**TASK OBJECTIVE:**
A verbatim copy of all the data is required; the pictures should not appear in it.

[Extracted records]
* * * * * * *

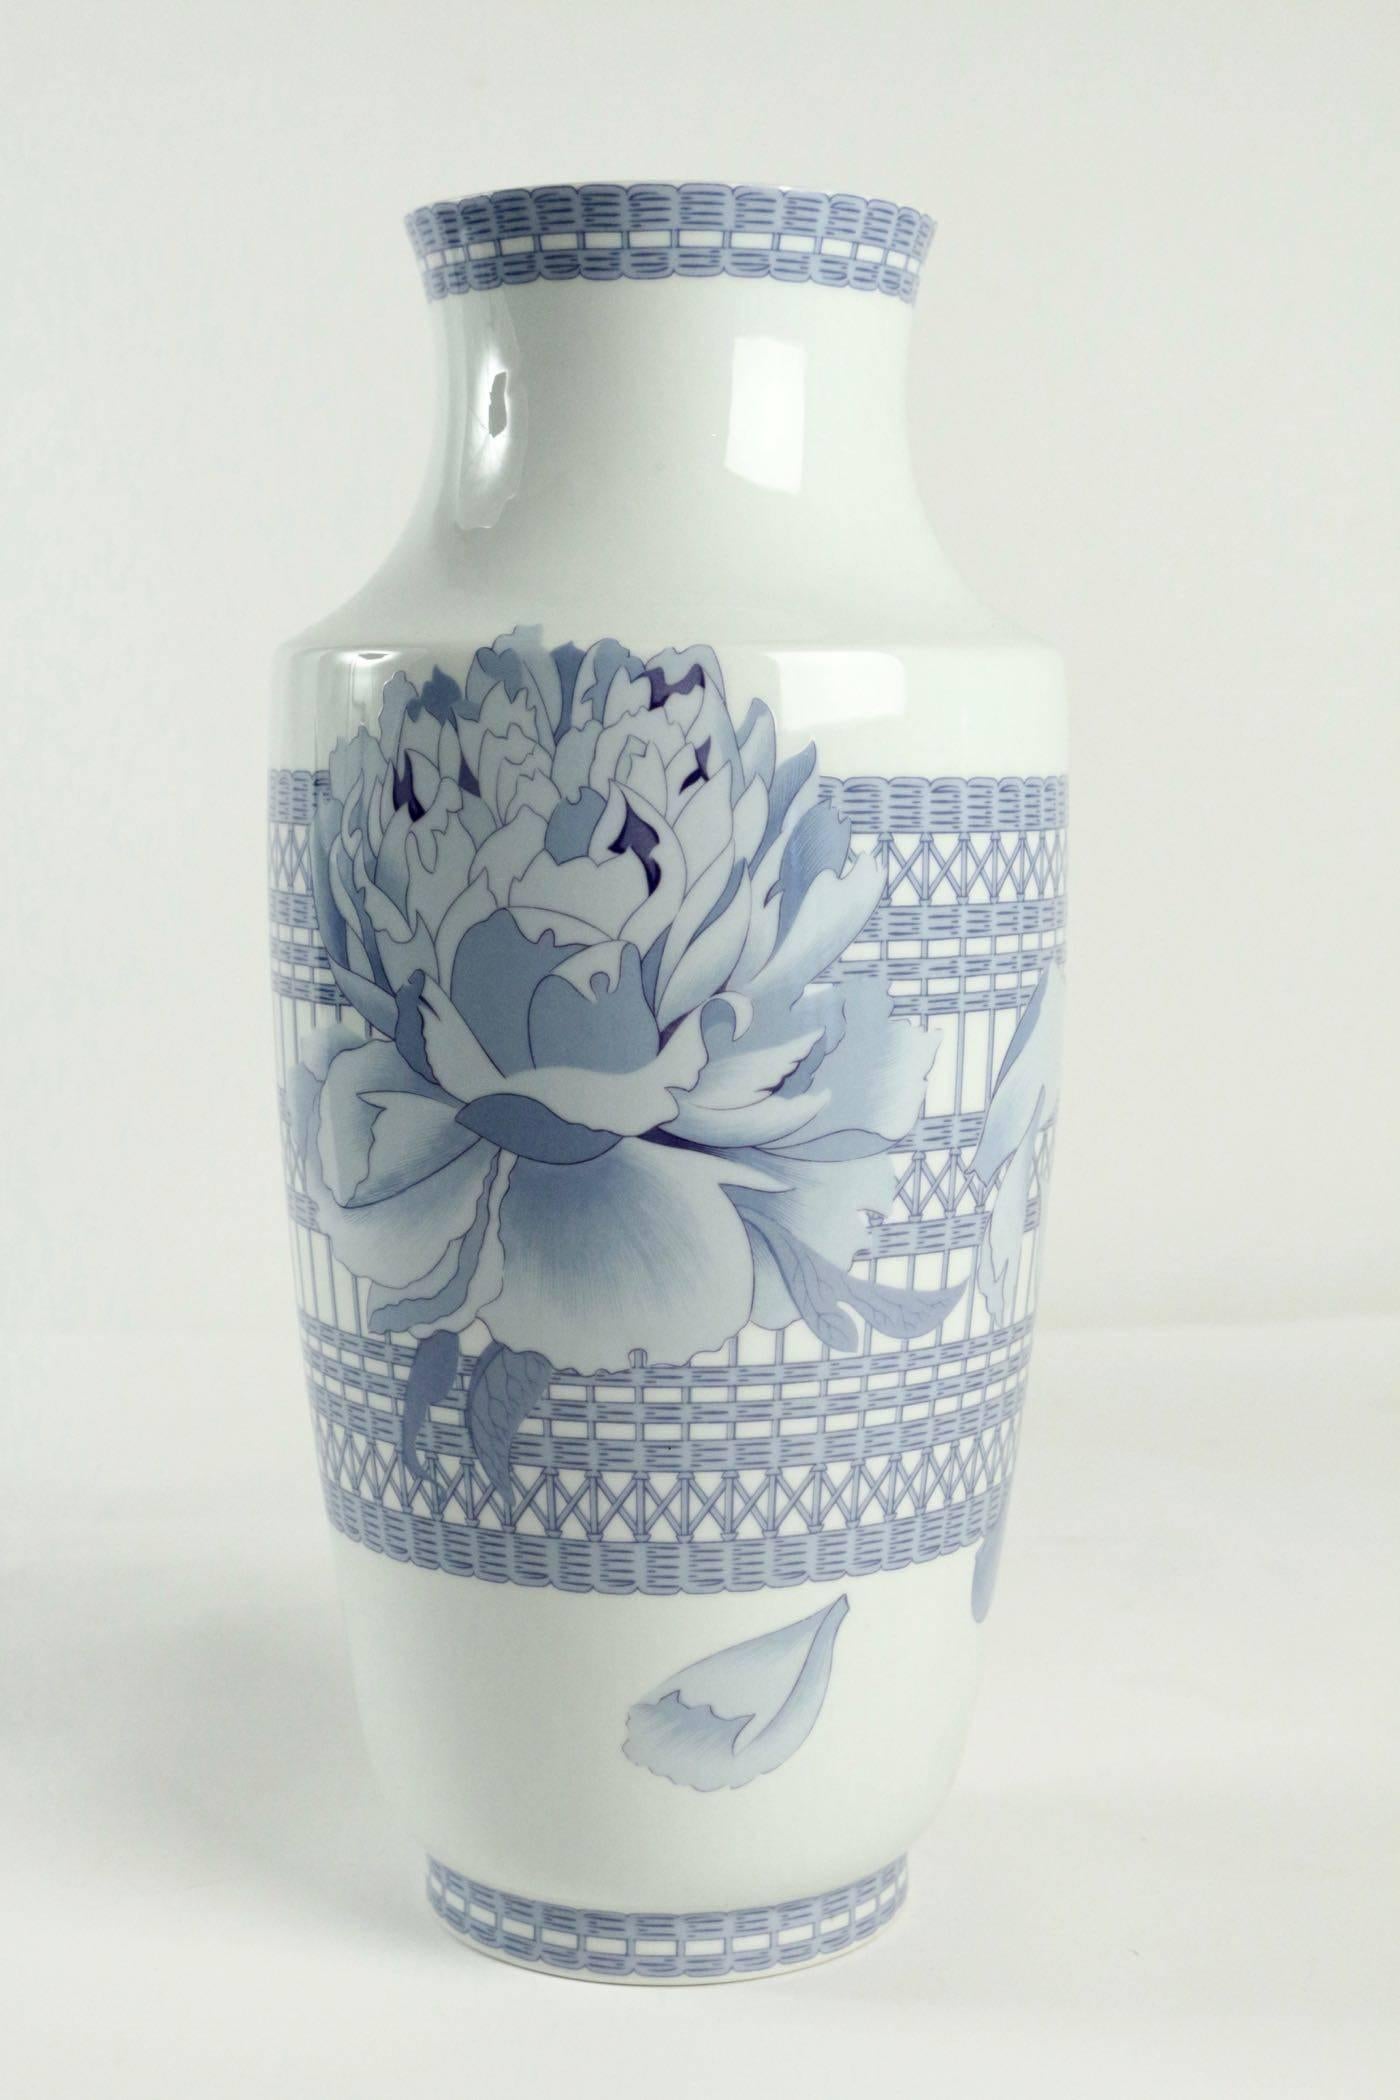 Hermes vase
Made in France
Pattern: Les Pivoines (Peonies) 
Blue peonies basket weave pattern
Vase: 12 3/4 height, 18 1/2 width, mouth of vase 4 inches 
Beautiful with fresh peonies in vase. 
In perfect condition 
This pattern has been

* * * * * * *

**RESULT:**
 Hermes vase
Made in France
Pattern: Les Pivoines (Peonies) 
Blue peonies basket weave pattern
Vase: 12 3/4 height, 18 1/2 width, mouth of vase 4 inches 
Beautiful with fresh peonies in vase. 
In perfect condition 
This pattern has been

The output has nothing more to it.